Ticket #64 (closed enhancement: fixed)

Opened 3 years ago

Last modified 2 years ago

Improve Header interface; fold CardList functionality into it

Reported by: stsci_embray Owned by: stsci_embray
Priority: high Milestone: 3.1.0
Version: dev Severity: normal
Keywords: Cc:

Description (last modified by stsci_embray) (diff)

Phil pointed out that the attribute Header.ascard is not a terribly useful name (I only use it because it's what was already there). There are at least two problems with it:

  • Who knows what a "card" is anymore? Although it's a useful abstraction at times, a user looking for a way to view a header as a list of keyword,value,comment triplets would not necessarily know to go looking for "cards".
  • It's just not very gramatically accurate: It should at least be Header.ascards or Header.ascardlist since a header is composed of multiple cards.
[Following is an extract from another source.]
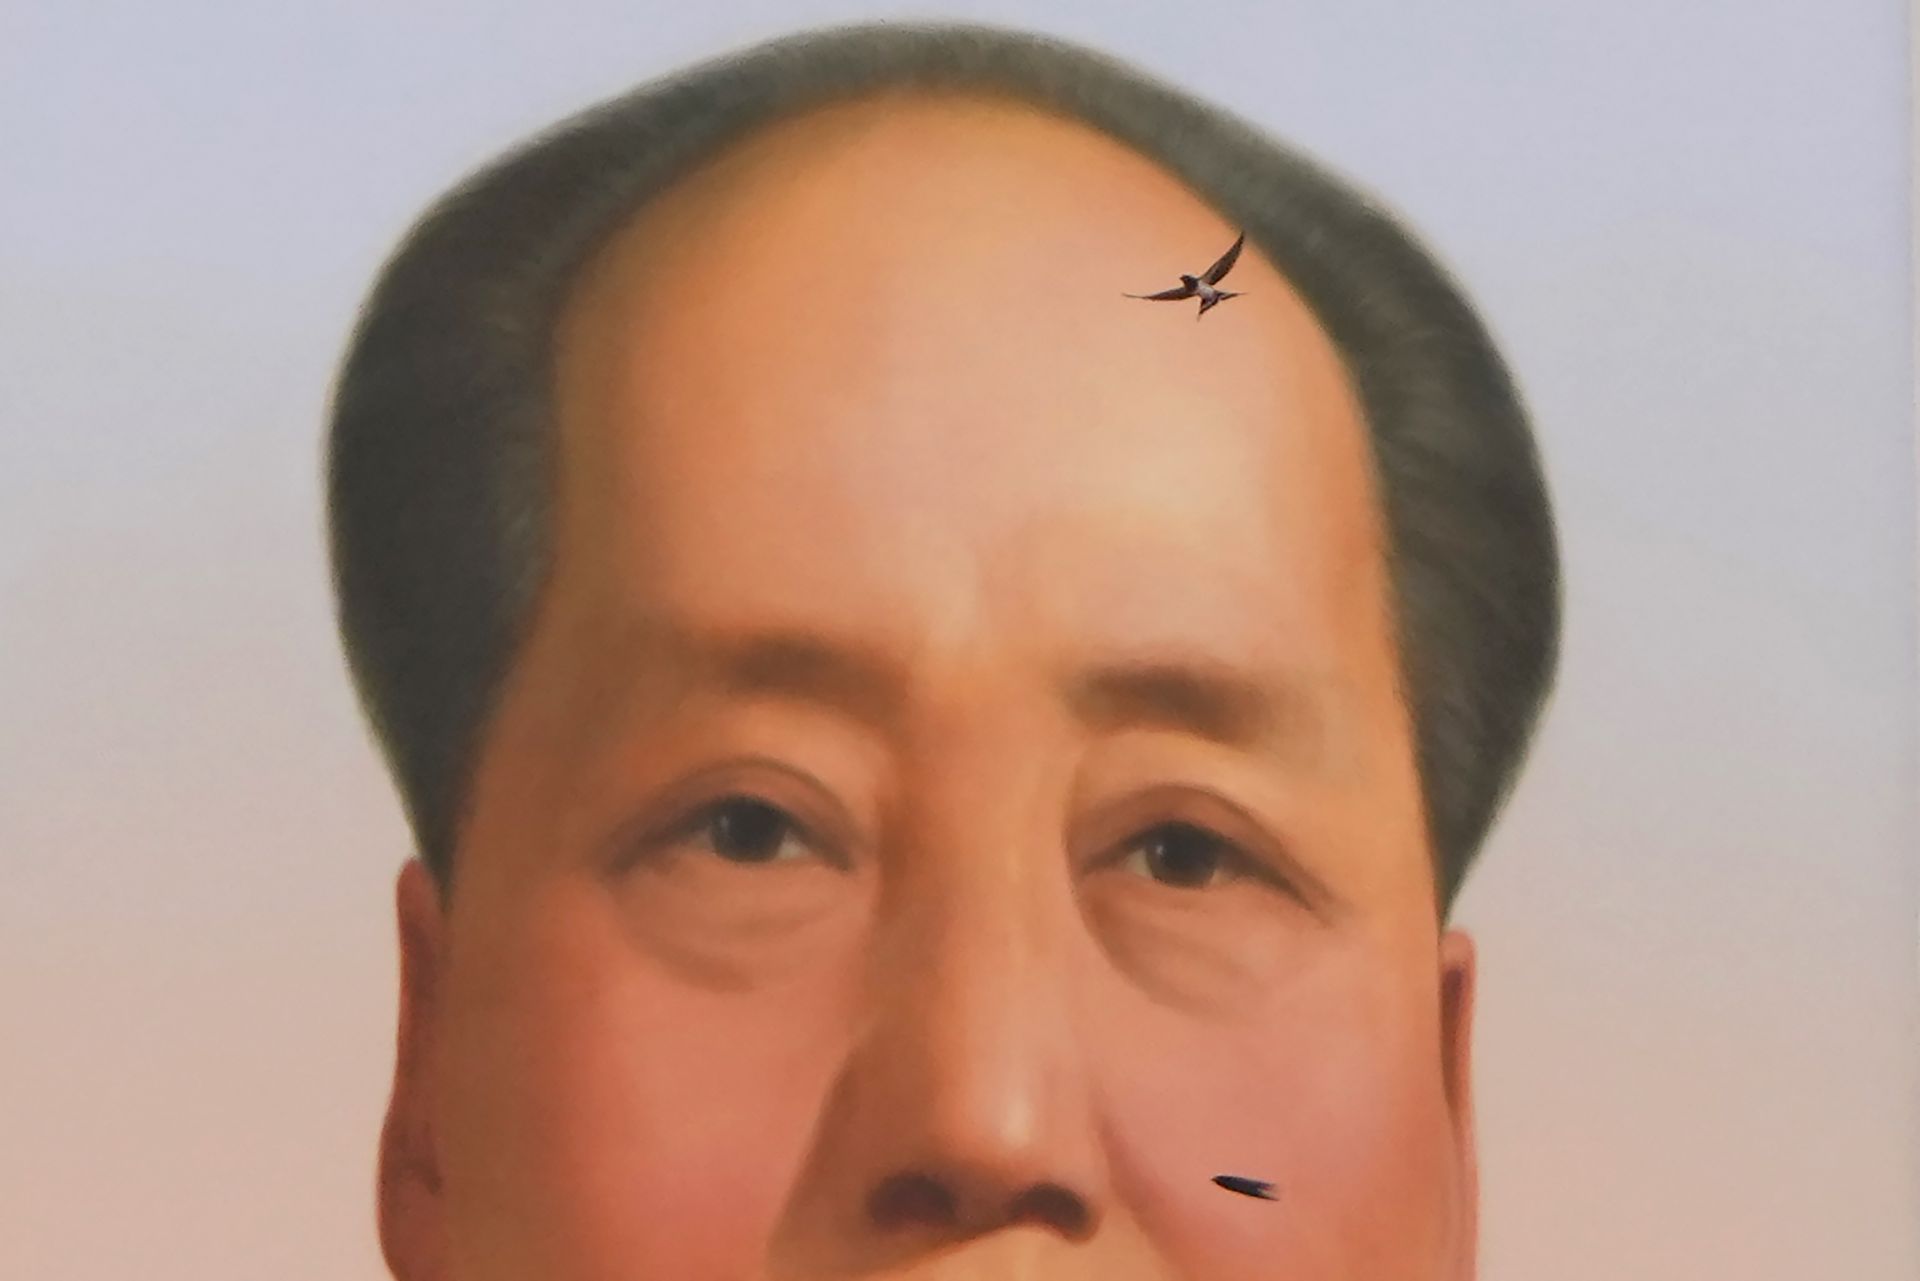  Лястовица лети покрай портрета на починалия китайски водач Мао Дзедун по време на гала във връзка 100-годишнината от основаването на ръководещата китайска комунистическа партия на портата Тянанмън в Пекин

Phil proposed renaming it Header.aslist or something of the like. I'd go a bit further and say that the Header interface needs to be reworked.

For one, the existing CardList interface should be an entirely internal detail, and should probably be folded into the Header class. The two classes already share quite a bit of functionality (for example, they both act a little bit like a sequence and a little bit like a mapping, though CardList is more directly sequence-like since it currently subclasses list).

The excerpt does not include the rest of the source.